We’ve written a few times about the potential for insurance-linked securities and catastrophe bond type risk transfer transactions to be recognised under the new Solvency II regime as forms of capital relief (find one of our previous articles here). The reduction in risk they offer could be recognised in Solvency II calculations if that received regulatory approval.
Much has been written in recent months about how Solvency II could increase interest in these forms of catastrophe risk transfer for non-life re/insurers. Now, a report from Fitch Ratings, suggests that the same could be true of longevity risk transfer for life re/insurers.

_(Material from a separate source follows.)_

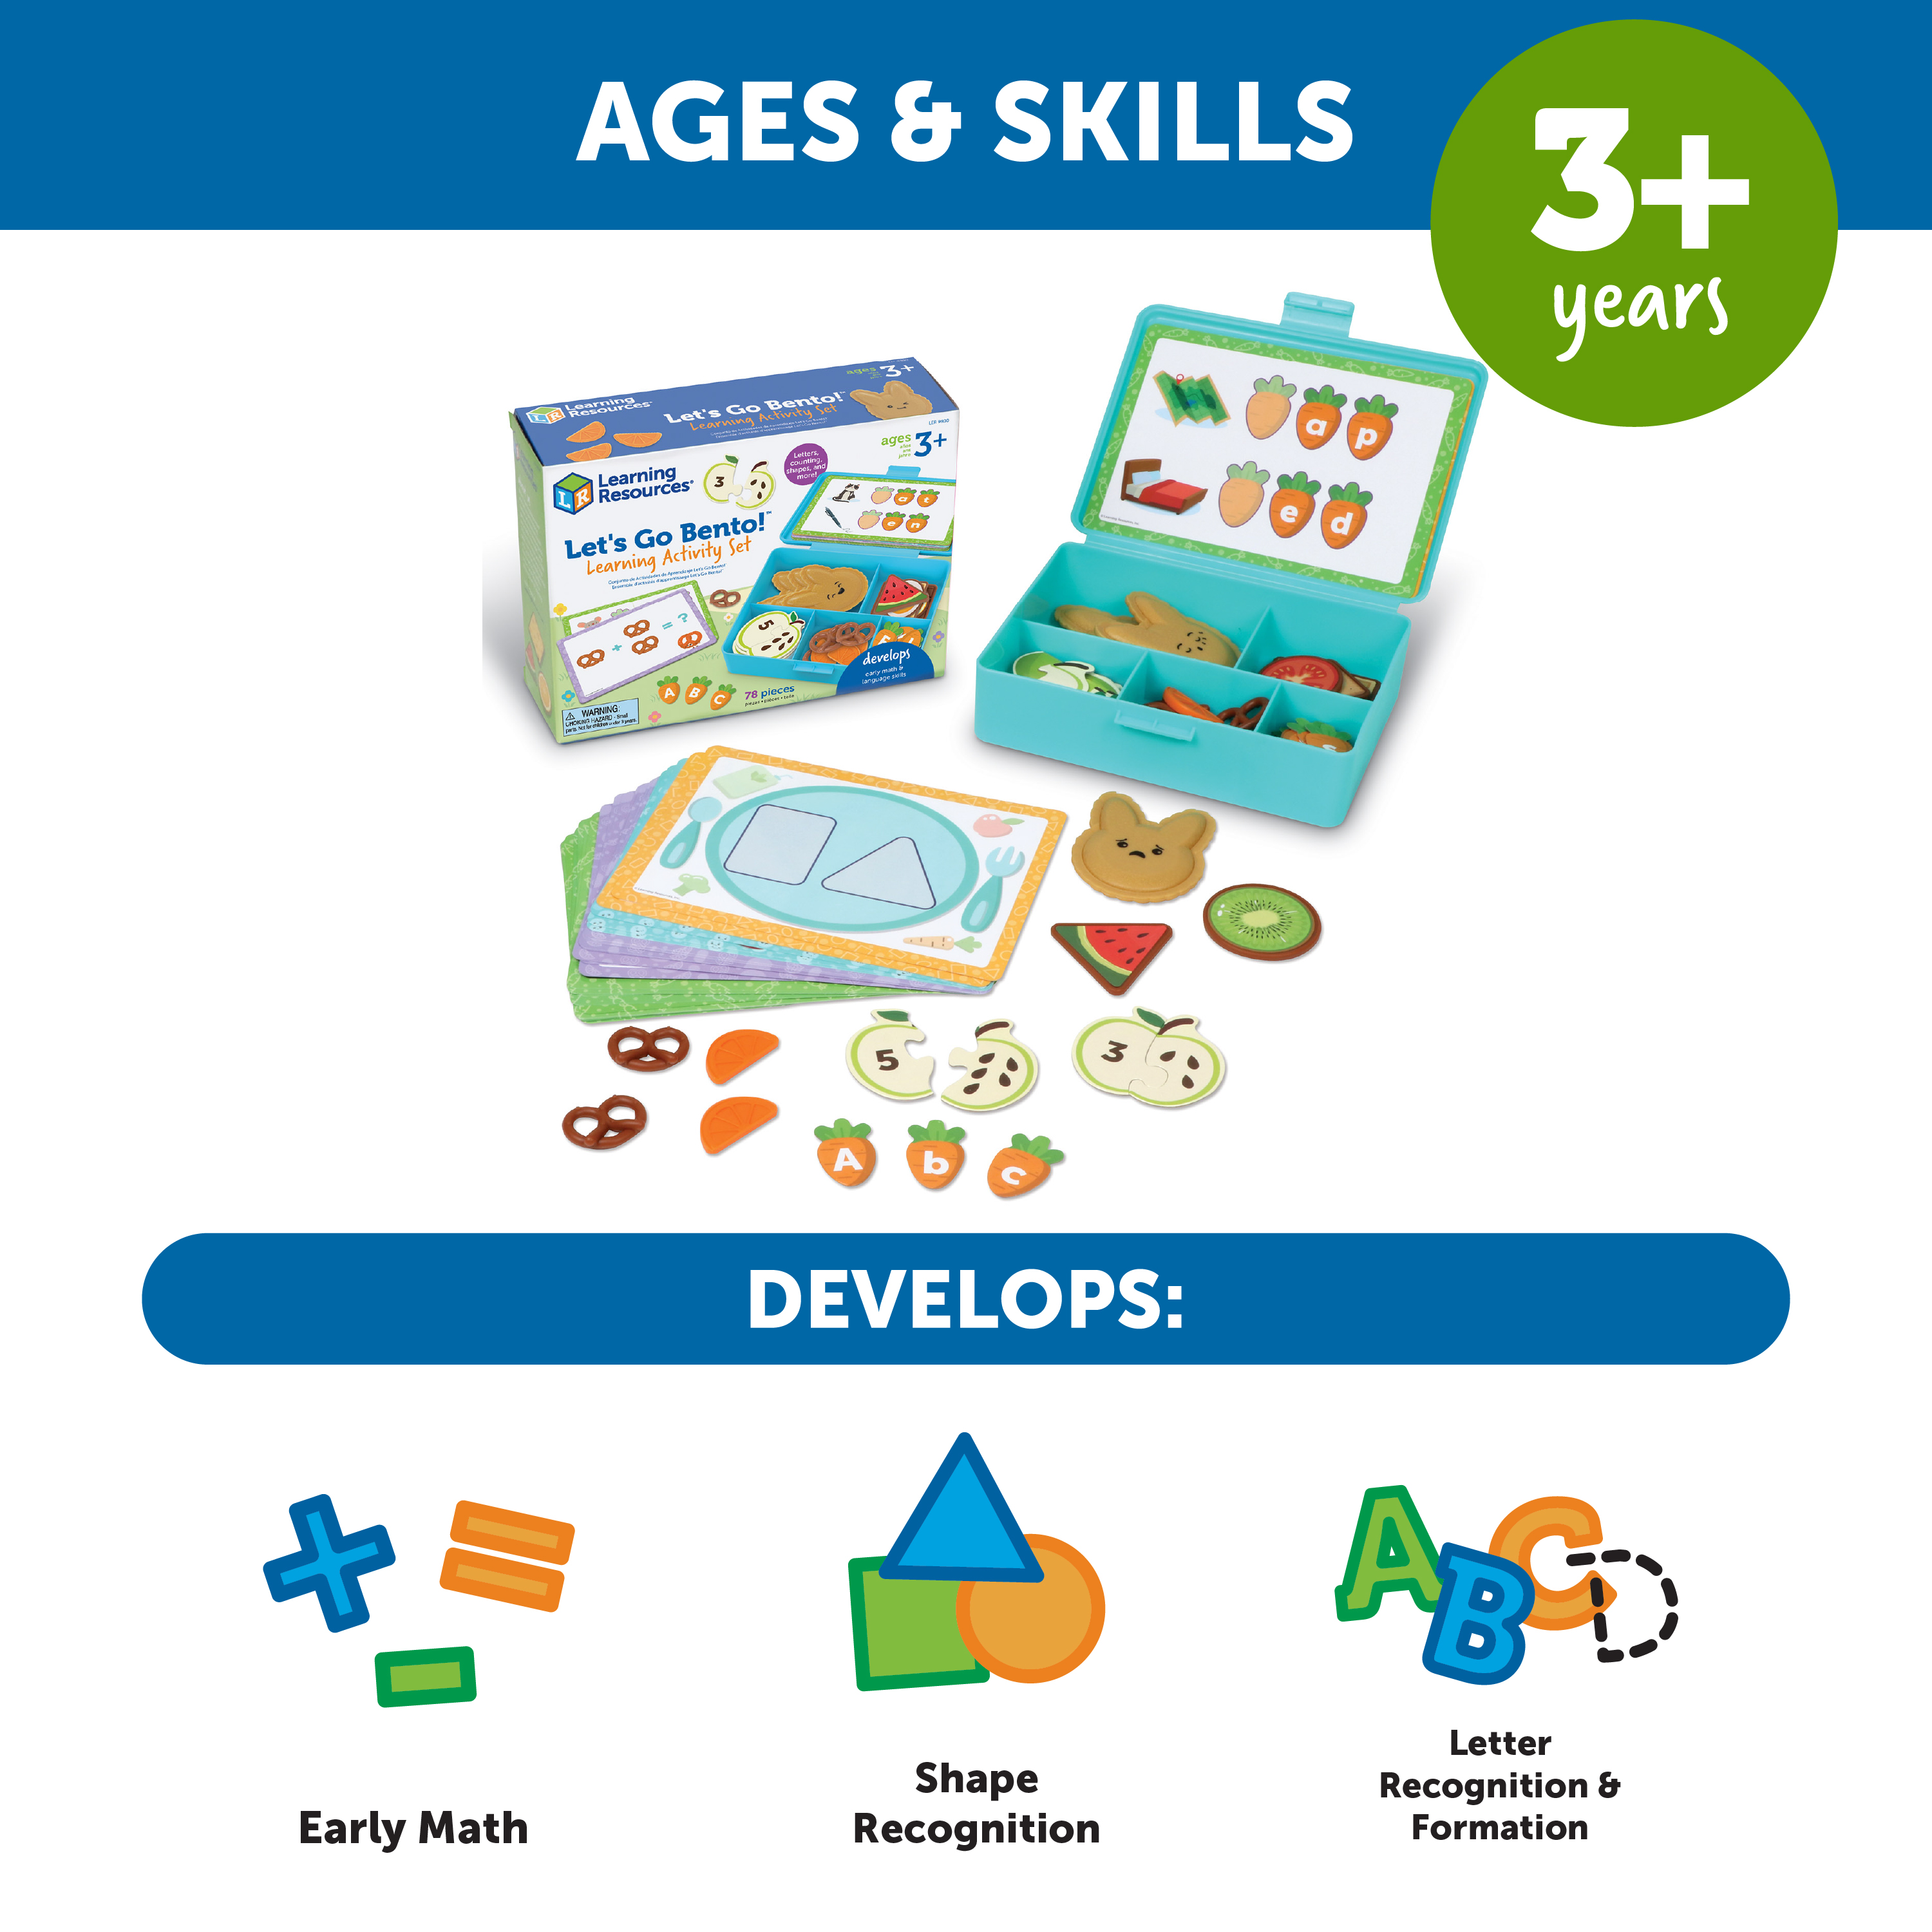 Learning Resources Let's Go Bento! Learning Activity Set - 78 pieces, Bento Box Toy for Boys and Girls Ages 18+ months - image 5 of 8
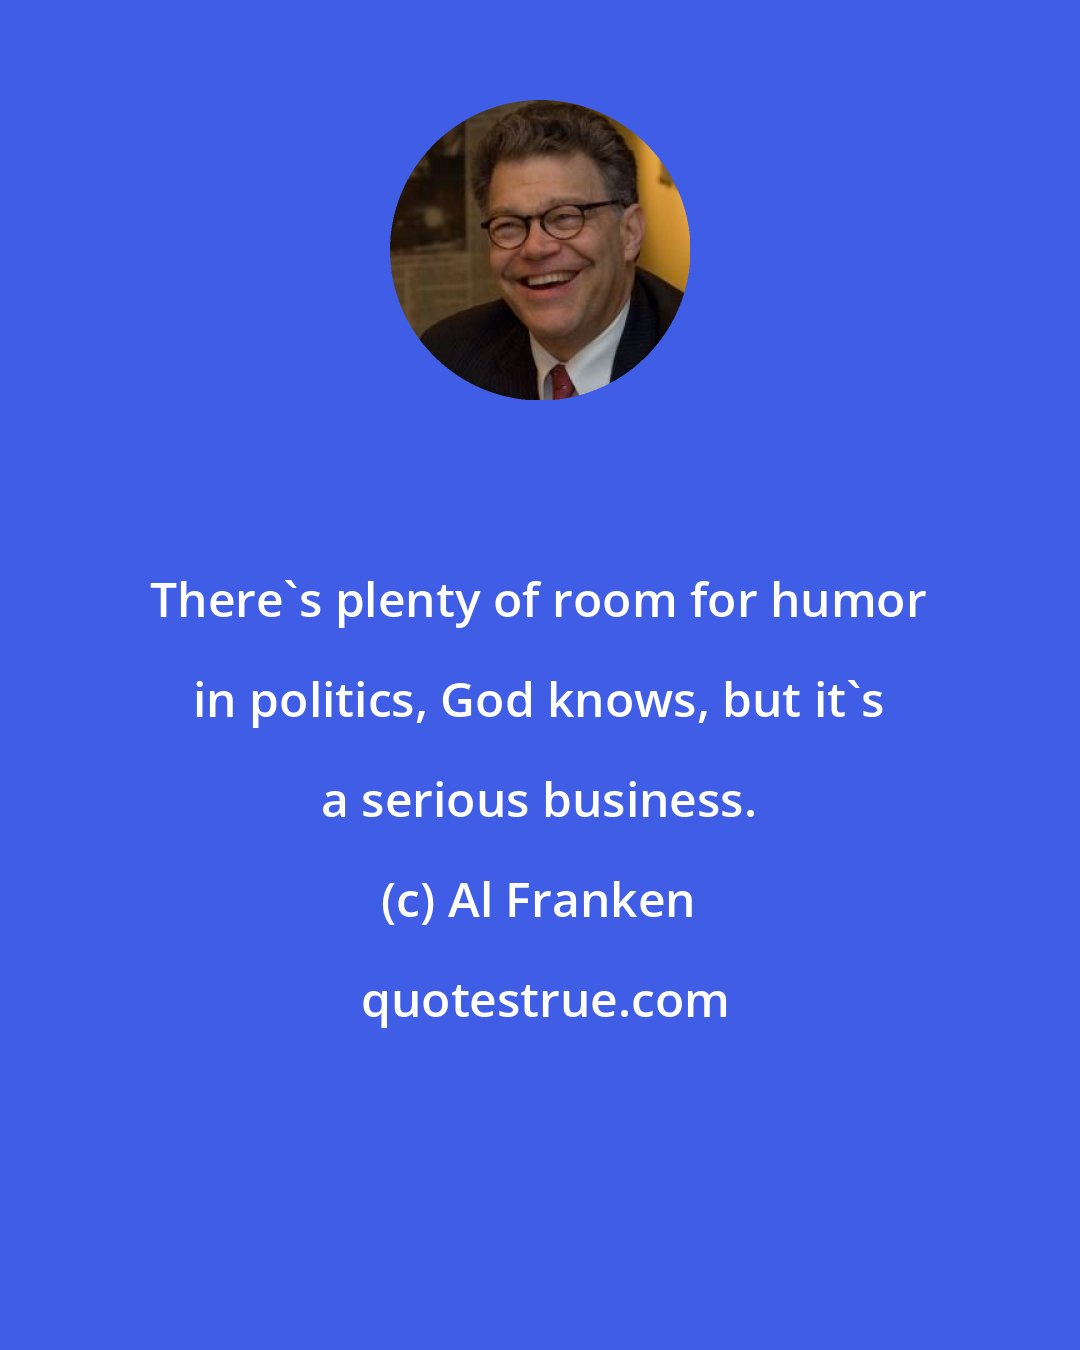 Al Franken: There's plenty of room for humor in politics, God knows, but it's a serious business.

The report published just over a week ago by Fitch Ratings is titled ‘QIS5 – Insurers’ Capital Solid NonLife and Small Niche Players Disadvantaged‘. It looks at the coming Solvency II regime and suggests that the impact on insurers capital positions may not be as severe as the industry originally thought. It’s well worth reading.
Of interest to us are Fitch’s comments on how the regulations impact life insurers. They say that life underwriting risk accounts for 24% of the solvency capital requirements, and a proportion of that is made up of an insurers longevity risks. Therefore, Fitch states; “Longevity risk transfer is therefore another potentially important capital lever available to life insurers”.
So, if the commentary has been accurate over the past few months, forms of capital markets risk transfer could help re/insurers meet the Solvency II capital requirements by accounting for their risks more efficiently. Of course, for risk transfer mechanisms such as insurance-linked securities and longevity risk transfer to count they must have their basis risk properly quantified and use collateral which reduces counterparty risk.